The young man was taking a risk in talking with me openly, and it had probably been illegal for him to have listened to Voice of America. China was and still is a dictatorship of the Communist Party.

Back in the late 1960s as a political science teacher, I was invited to a briefing at the State Department on current international problems. At the end of a formal statement, the spokesman took our questions. One of the first questions was "What does the State Department think is going on in China with this Cultural Revolution."

The reply surprised me. The spokesman said "We don't know and we have asked the British, and they don't know either."

Basically the Cultural Revolution was an effort by Mao to regain some of the political power he had lost as a result of his massive mistake in the mid-1950s with the economic program called the Great Leap Forward. Mao forced the countryside into communes. He ordered backyard furnaces to produce steel without success. The economy was in shambles, and millions starved. Consequently Mao was forced to resign as chairman of the government, but he remained chairman of the party. Then in 1966, he permitted his wife and three officials from Shanghai, (later called the Gang of Four) to run the country for nearly a decade.

Finally, Mao realized the Cultural Revolution was hurting the country and ordered the Red Guards to be dissolved. Deng Xiaoping rose to power after Mao died, and changed China into a system that introduced a market economy with a pragmatic form of communism that remains a dictatorship at the top.

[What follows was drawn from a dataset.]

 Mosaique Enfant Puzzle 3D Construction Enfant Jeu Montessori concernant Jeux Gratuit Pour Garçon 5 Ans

Deng said, "It does not matter if a cat is black or white, so long as it catches mice." And, " to be rich is glorious."

Deng is dead, but his reforms continue. The head of China is Hu Jintao and the head of government is Premier Wen Jinbao, since March 2003.

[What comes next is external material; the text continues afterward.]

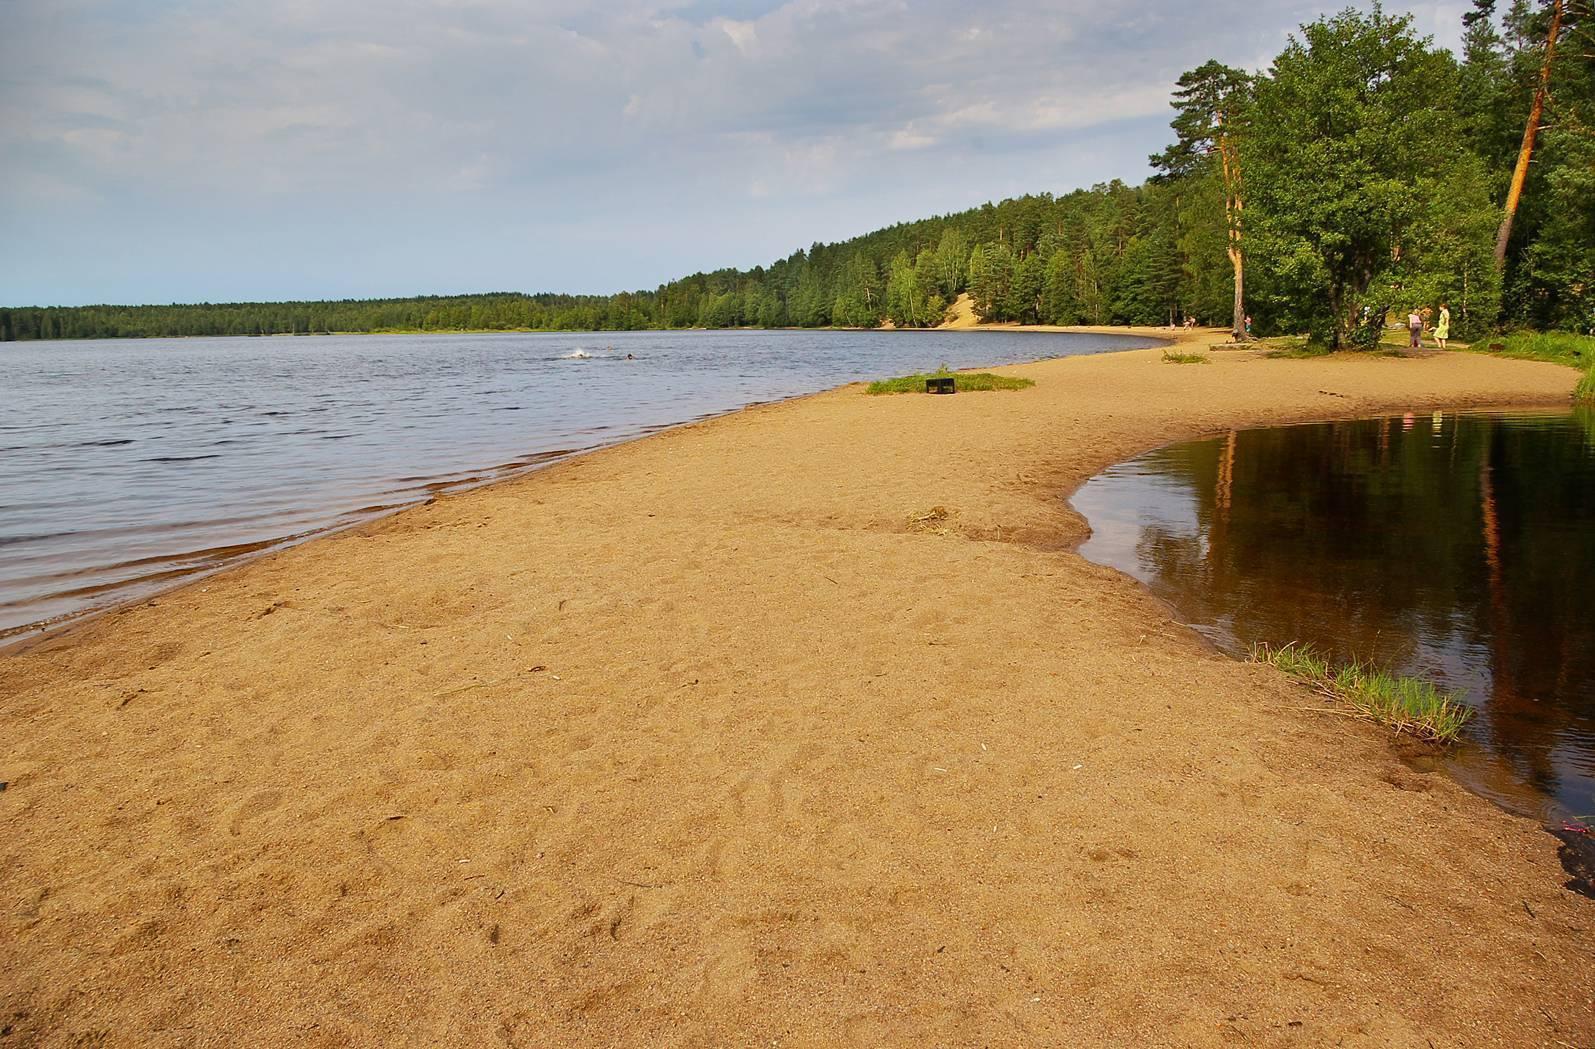 Озеро долгое (длинное), ленинградская область. рыбалка, базы отдыха, фото, видео, как добраться — туристер.ру

The Red Guards of 40 years ago now are parents of the modern younger generation. The youth of China are light years different from their parents who participated in the Cultural Revolution.

Today the youth of China live well for the most part. They don't worry about housing, education, food, medicine that are directly or indirectly controlled by the state. The young people of China benefit from their country's industrial growth rate of 27 percent. They have money to burn. They want to be like young people abroad with name brand clothing, shoes. Many of the more than 100 million users of the Internet in China are young.

Some 13 million males and 12 million females reach the draft age of 18 each year. Those drafted served for two years in the People's Liberation Army. No other army in the world has such a human resource.

China has a veto in the United Nations Security Council. It has sent satellites into space, and has a well-established nuclear industrial/military complex. Some 21 percent of all its exports go to the United States, but only 8 percent of its imports come from the United States. Thus China is building up its financial power.

China for both its older and younger generations is growing into an economic, military and regional superpower that is bound to grow stronger in the years to come.